The aims of this study are (1) to describe the variability of the DRD4 gene across autochthonous populations of greylag geese in Iceland, Norway, Denmark, and Greece and (2) to test the correlation of this variability with an ecological factor (urbanization) in a local population in Germany. We hypothesize that DRD4 genotype frequencies differ between rural and urban areas and predict that genotypes carried by bolder animals predominate at the urban sites. To test for variation in boldness, (3) we compared FID data between the urban and the rural site and predict that the genotype frequencies will correlate with FIDs.

2. MATERIALS AND METHODS

2.1. Study species and study area

Greylag geese (Anser anser; Anatidae, Anseriformes) are herbivorous birds with two subspecies: the nominate western greylag goose (A. a. anser) and the eastern greylag goose (A. a. rubirostris; del Hoyo et al., 1992). Greylag geese can be found in Europe and Asia, with increasing numbers (Fox & Leafloor, 2018). In Germany, both subspecies as well as hybrids can be found. Greylag geese are classified as regionally established and occur both in autochthonous and introduced populations (Bauer et al., 2016).

To get an initial idea of the variation of the DRD4 gene in greylag geese and to avoid sampling bias (Morin et al., 2004) we analyzed samples from autochthonous breeding populations of A. a. anser in Iceland (Icelandic flyway; Powolny et al., 2018), Norway and Denmark (Atlantic flyway; Powolny et al., 2018) and a sedentary population of A. a. rubrirostris in Greece, Prespa (Bounas et al., 2018). Greylag geese from Iceland winter in the United Kingdom, while Norwegian and Danish greylag geese winter in the Netherlands and Spain, respectively. After the breeding season, they are widely hunted (Madsen et al., 1999).

All samples from Iceland and Norway were collected from hunted geese following national hunting regulations. Danish samples were provided by the Copenhagen Museum (see accession numbers in Sample Information file uploaded to DataDryad) and Grecian samples were provided by the Society for the Preservation of Prespa.

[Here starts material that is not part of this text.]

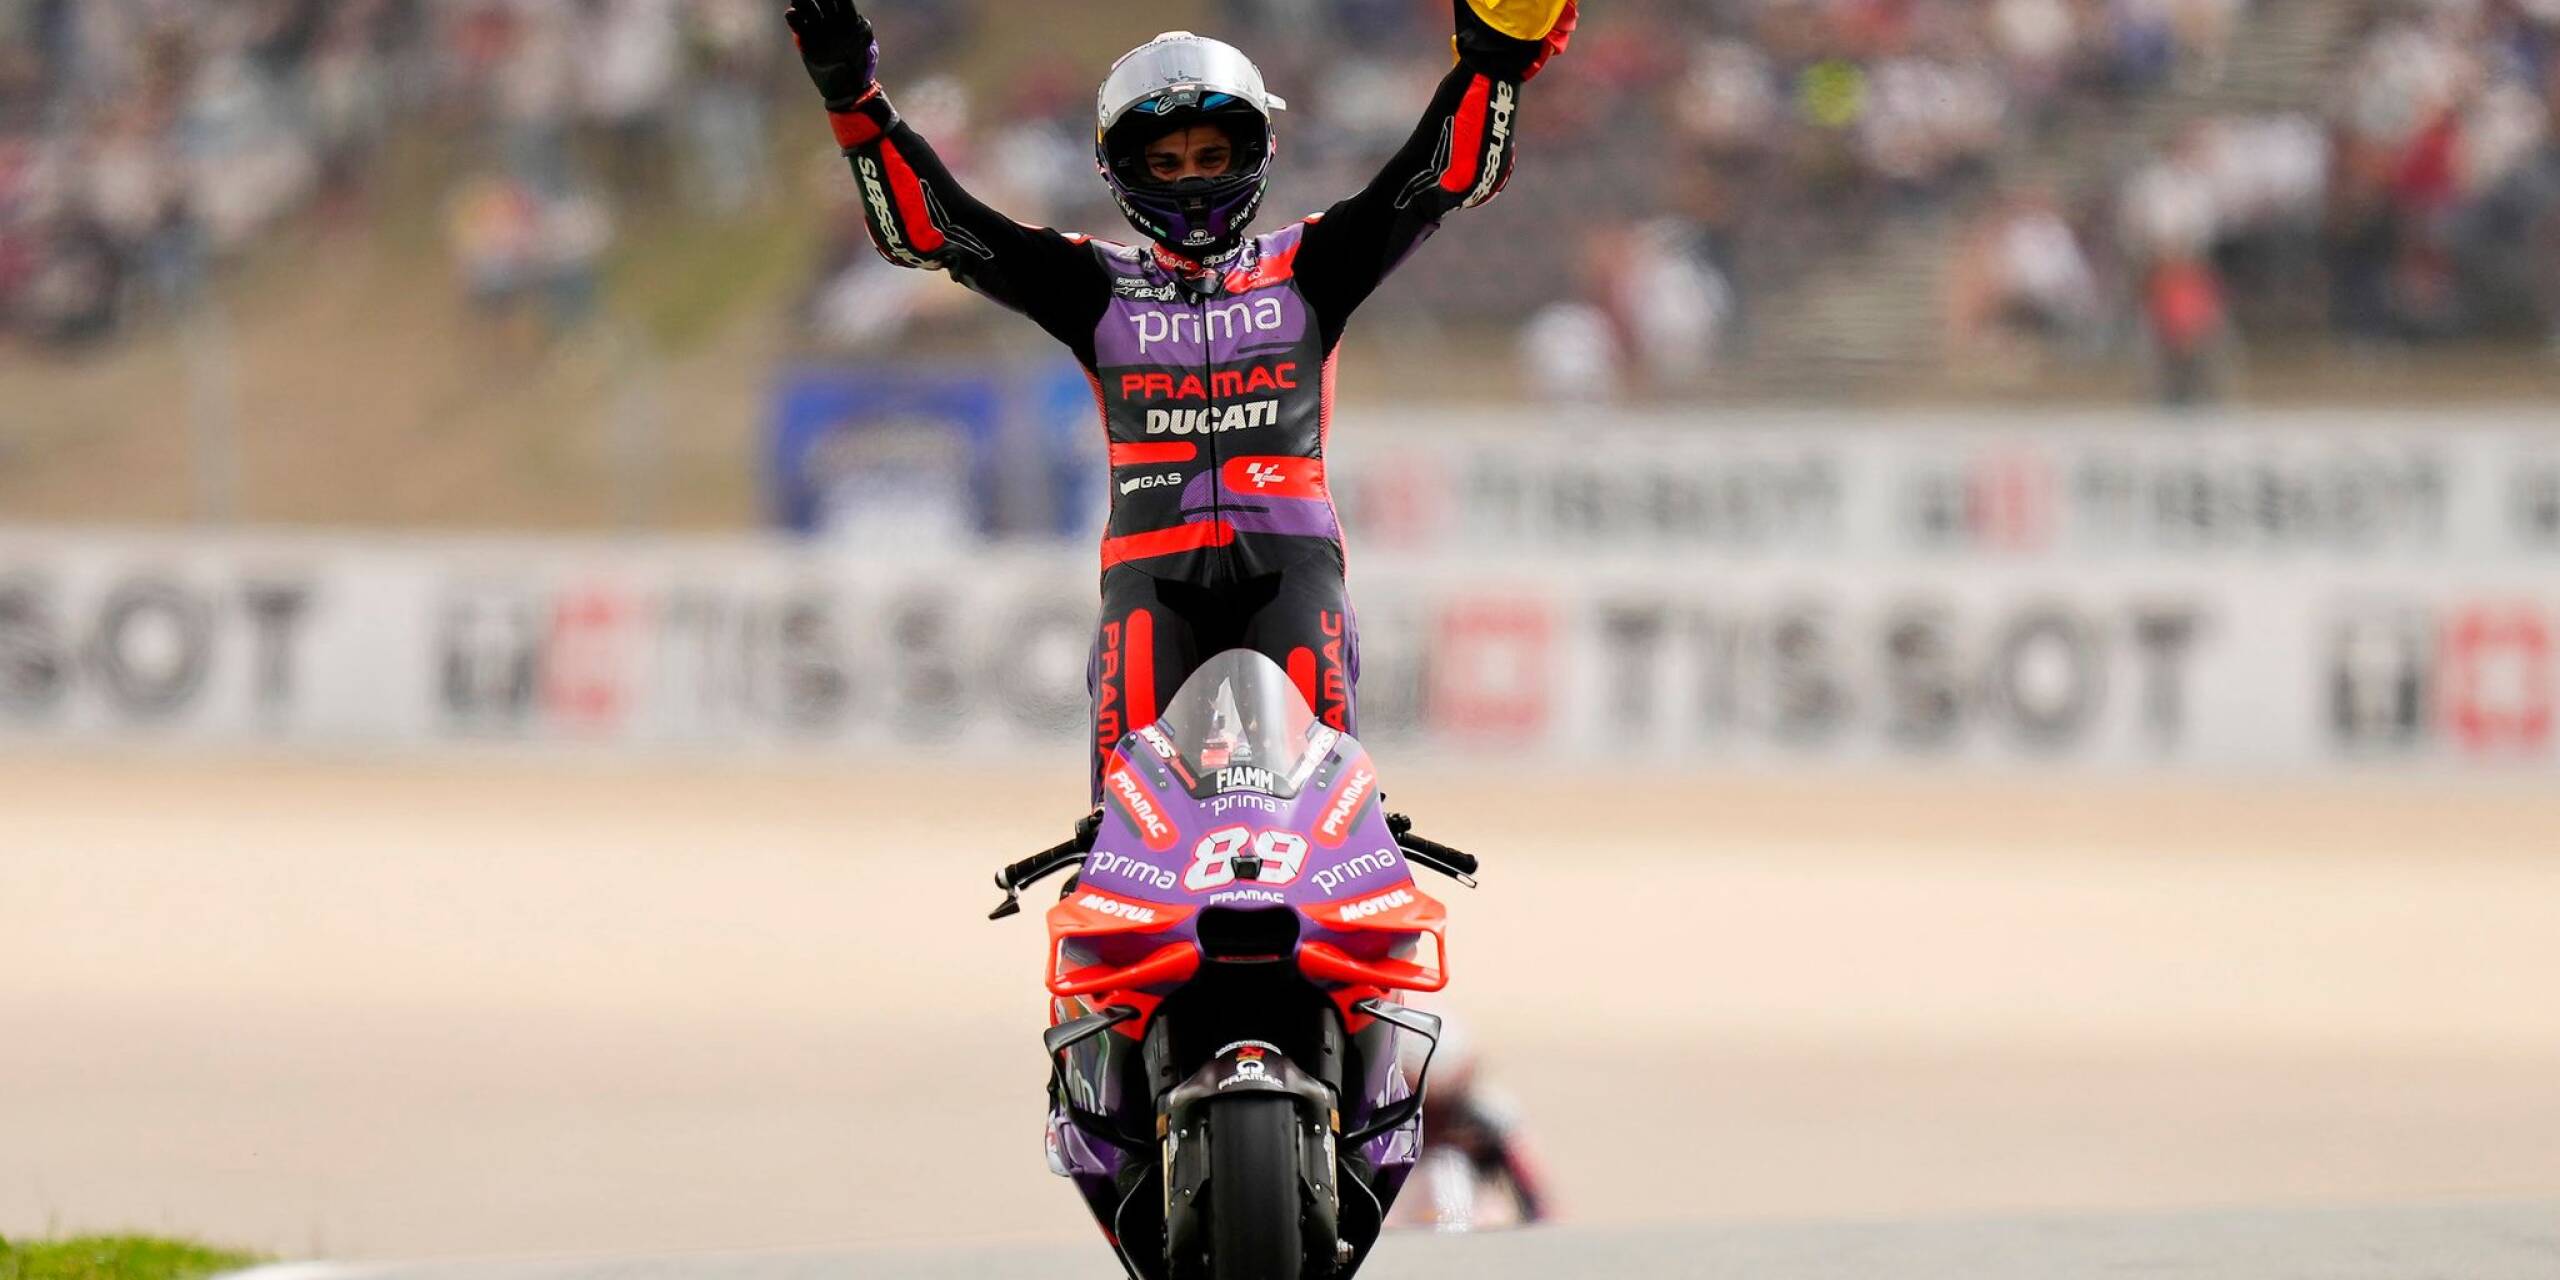 So sieht ein Sieger aus: Der Spanier Jorge Martin jubelt auf seinem Motorrad. Er erreichte als Erster das Ziel des Grand Prix von Portugal.

In our study area in Stuttgart, south‐west Germany, greylag geese use public parks for feeding and roosting. Greylag geese were first seen at the Max‐Eyth‐Lake in the early 1980s, with a wild‐type breeding pair which likely escaped from captivity (Hölzinger et al., 2004). They first bred successfully in 1995 and the population has since expanded to 200–300 individuals (Mai et al., 2022). These geese are non‐migratory and remain in the area year‐round (Käßmann & Woog, 2007). Since 2004, geese are ringed during molt catches (May and June), when adult geese are unable to fly. They are marked with a metal ring from the Vogelwarte Radolfzell on one leg and a blue plastic ring with white writing on the other leg. The main areas where they can be found within Stuttgart are the Inner City Parks (48°47′54″ N 9°12′24″ E) and the Max‐Eyth Lake (48°50′03″ N 9°12′55″ E), which are connected by the Neckar river. The geese move between the two areas, showing large variations in movement patterns (Käßmann & Woog, 2008).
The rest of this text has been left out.